Wednesday, February 18, 2015

Notes on "The Buddha" on PBS


If you click on the above word button it will take you to a quote of the first part (a few minutes) of the "Buddha" special. (I think Richard Gere and others did this around 2010 originally.

My wife surprisingly wanted to watch it more (since she knows I studied Tibetan Buddhism with Tibetan Lamas in the U.S. India and Nepal). It is pretty advanced and intellectual as I watched about the first 57 minutes of it. It went into his birth as the Prince of Lumbini and of how his mother died 7 days after his birth and how his father wouldn't let him see old age, sickness, or death, and he had to secretly see it without the knowledge of his father eventually. Then it spoke of how he left soon after his son was born to his cousin (his wife) because he wanted enlightenment. It spoke of how he was living on a grain of rice a day until he almost died but eventually realized enlightenment couldn't be attained through austerities.

It goes into an amazing amount of detail much more detailed than I had heard of before. When I studied Buddhism in the 1980s I mostly knew about the Lam Rim path and of Vajrayana path.

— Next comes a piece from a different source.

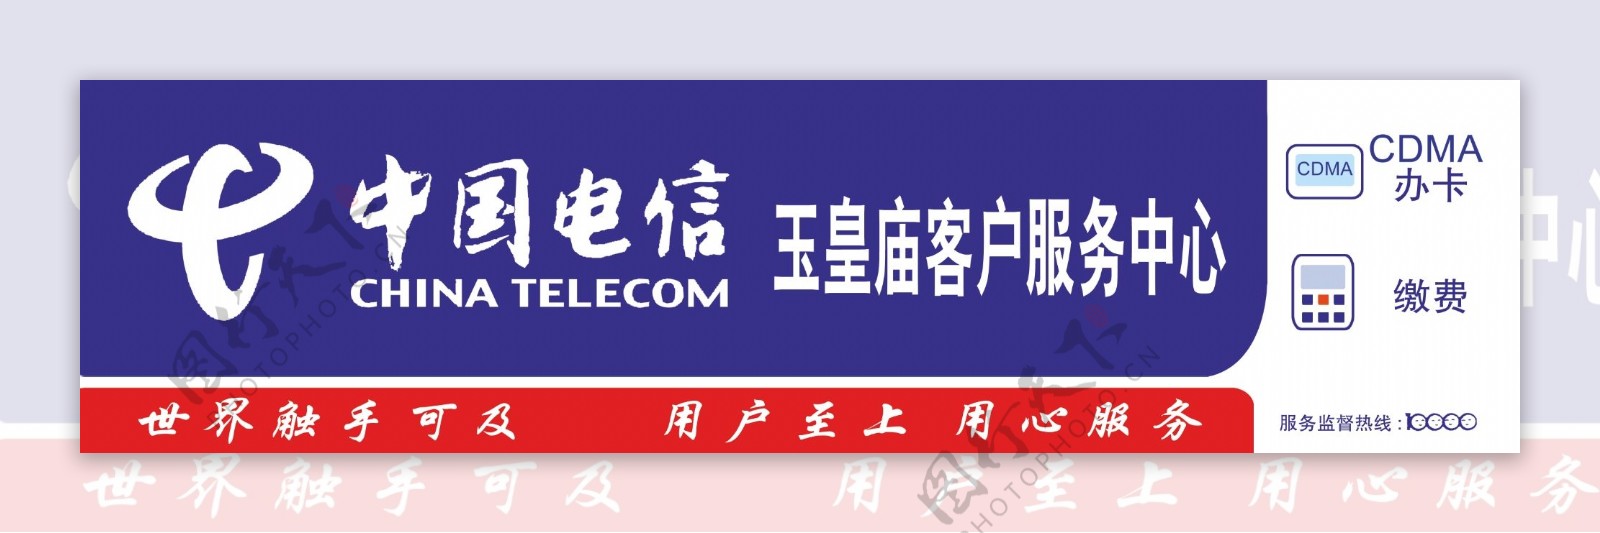 中国电信模板设计1图片

The Lam Rim path came from a conversation Guatama Buddha heard while doing austerity practices near a river. He heard the music teacher say to his student something like, "IF you tighten the string on the instrument too tight it will break but if you loosen it too much it won't play right. So you need to have the string on the instrument not too tight and not too loose."

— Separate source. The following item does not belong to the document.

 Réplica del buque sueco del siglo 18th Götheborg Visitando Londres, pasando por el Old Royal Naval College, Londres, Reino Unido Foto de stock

This it is said is how Buddha came up with the Lam Rim Path or the middle way path which is what Buddhists are taught basically all over the world now.

Vajrayana is sometimes called the Lightning Path and it might be unique to Tibetan Buddhism and basically means "Lightning or instant enlightenment".

One way I have heard this described is that "Everyone is already enlightened so all you have to do is to realize you and everyone else is already enlightened and you are.

It is like lifting a veil and realizing you are already where you wanted to get to.

One of my favorite aspects to Tibetan Buddhism is "Spontaneous accomplishment" or being in the right place at the right time which is sometimes called "Crazy Wisdom".

It is completely unpredictable in any given moment. Because of this nothing can stop it ever.

Spontaneous accomplishment cannot ever be stopped because no one knows it is coming.

Two of the most powerful practitioners of "Spontaneous Accomplishment" were first Buddha and then Jesus.